This fruity number is anything but pedestrian
Photography by Rob Palmer
Presented by Dardan Shervashidze
111 Darlinghurst Road, Potts Point, Sydney
02 8354 6666
April’s issue of Australian Bartender magazine saw a couple of bartenders submit variations on a superb ‘forgotten classic’ known as – you guessed it – The Avenue. Well Bartender magazine and 4bars.com.au thought it was high time that we breathe some life back into this concoction and rescue it the cocktail doldrums.
The drink comes from the well-regarded Café Royal Cocktail Book by William Tarling, first printed in 1937. The volume was the unofficial cocktail manual of the United Kingdom Bartenders’ Guild (UKBG), who during Prohibition took up where their American counterparts left off. Reproductions of this book are now available online or you can even download electronic copies from websites like www.euvs.org – the French ‘Exposition Universelle des Vins et Spiritueux’.
Whilst the book containing the original recipe for The Avenue cocktail isn’t too hard to get hold of it is the trio of hard to find ingredients in this drink that are perhaps to blame for its lack of fame. Passionfruit juice, real pomegranate grenadine, and orange flower water are hardly the usual suspects to be found behind any bar.

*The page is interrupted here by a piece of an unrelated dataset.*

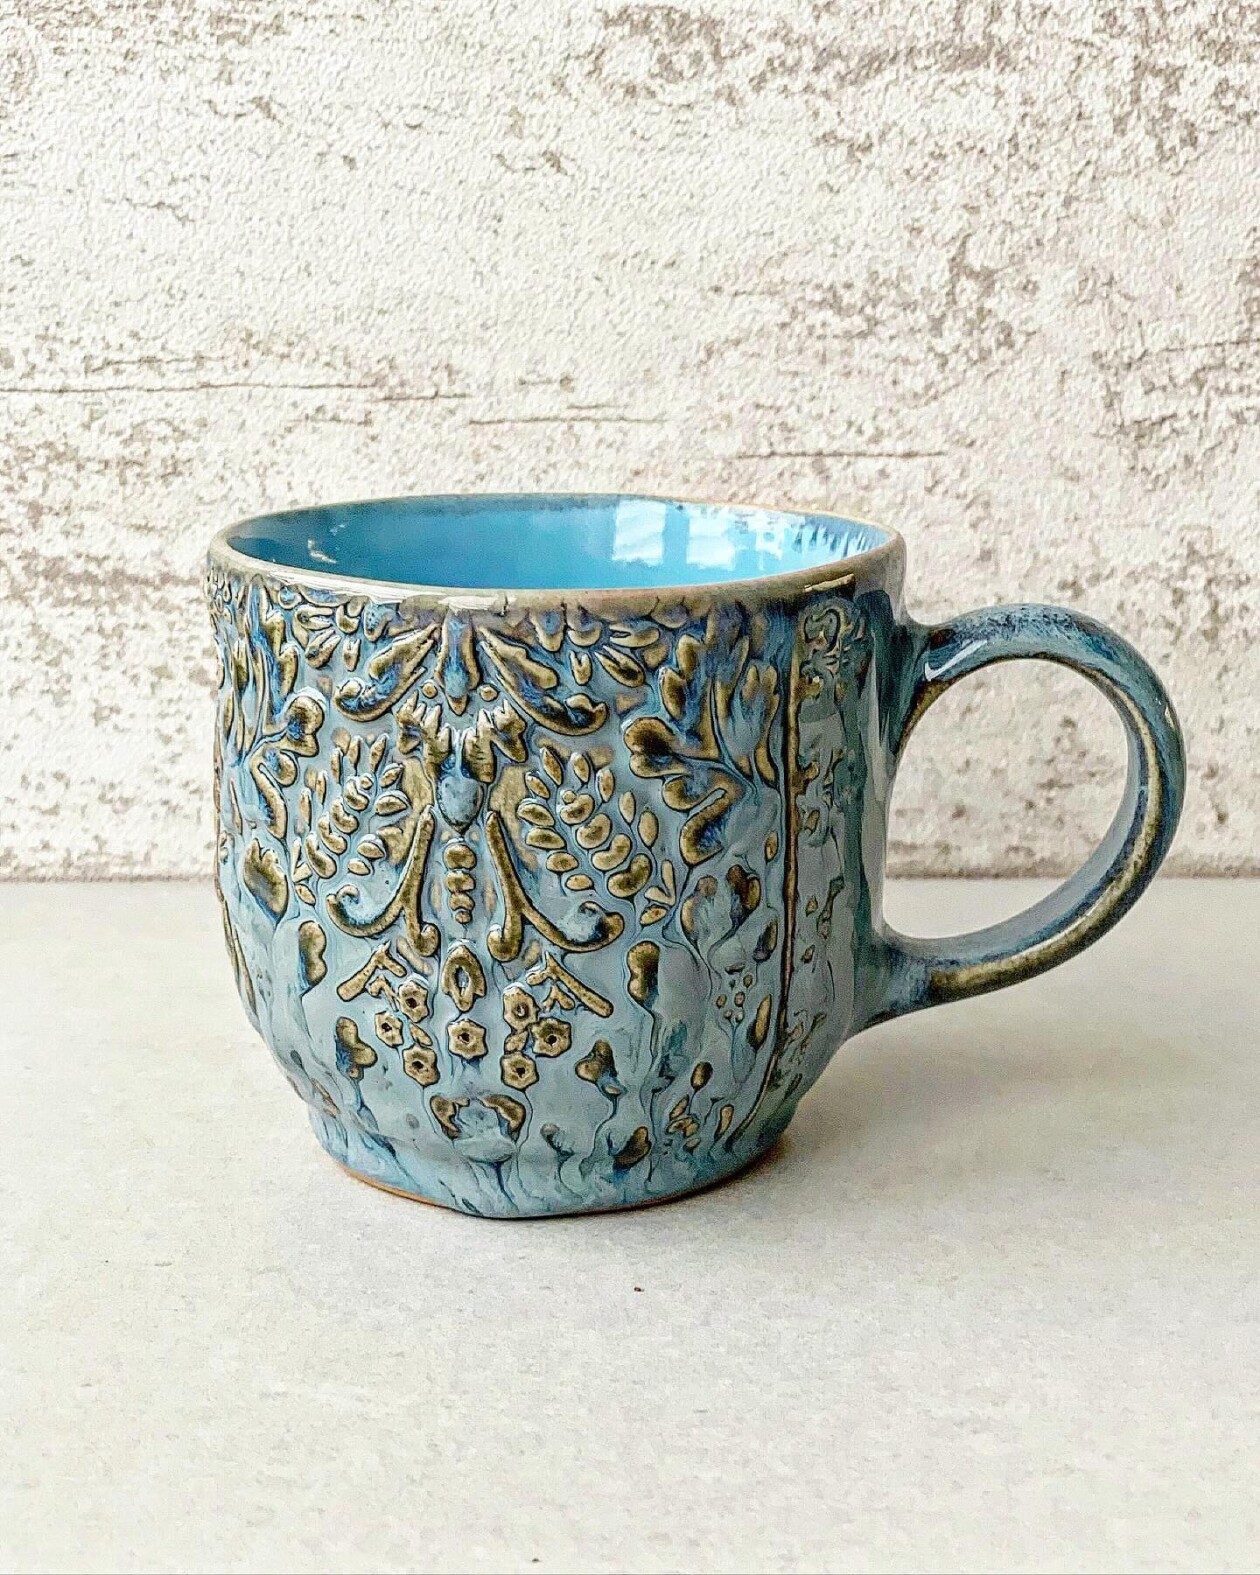 Ceramics With Vintage Motifs By Joanna Dylowska (20)

Autumn, however, is a fantastic time for both passionfruit and pomegranate that for the majority of the year have prohibitive prices. Orange flower water can be found at any half decent deli and is in no danger of going off or out of season. It is the essential ingredient in a Ramos Gin Fizz and its distinctive perfume is worth experimenting with (sparingly) in your own cocktail creations.
If you plan on making your own grenadine try cutting it with some raspberry syrup (which you can make effectively from frozen raspberries – or fresh if money is no object). Pomegranate juice is available in most supermarkets too, but lacks that beautiful tartness and vibrant colour you’ll get from the fresh fruit.
For passionfruit juice simply place the seedy pulp from the fruit into a blender. Pulse briefly then strain through a sieve. Once the price of passionfruit goes up again try giving frozen passionfruit pulp a go. Many of these pulps contain little or no sugar making them suitable for this cocktail which is not designed to be overly sweet.
“The Avenue has little ghostly touches of taste that flit across the palate and then disappear.” – Paul Clarke, The Cocktail Chronicles
Paul Clarke, a Seattle-based cocktail enthusiast and creator of The Cocktail Chronicles (www.cocktailchronicles.com) gave this baby a whirl some years ago once he finally managed to find passionfruit juice – no mean feat in Seattle I’ll wager. Clarke aptly describes the drink’s ethereal qualities:
“Instead of a firmly rooted flavor, such as that in a Manhattan or a Martini or most other drinks, the Avenue has little ghostly touches of taste that flit across the palate and then disappear. While drinking it, I try to pin down the flavor in my mind, only to have it slip away like a puff of smoke in a gust of wind.”
Before this ghost of cocktails past slips from your mind put aside your neutrona wand (you know that gun from Ghostbusters), pick up some passionfruit and get shaking. You won’t be disappointed.
(Recipe adapted from Vintage Spirits and Forgotten Cocktails by Ted Haigh)
30ml Woodford Reserve bourbon whiskey
30ml Passionfruit juice
Dash real pomegranate grenadine
Dash orange flower water
Add all ingredients into a cocktail shaker. Add ice and shake briskly. Fine strain into a chilled cocktail glass and garnish with a carnation boutonnière.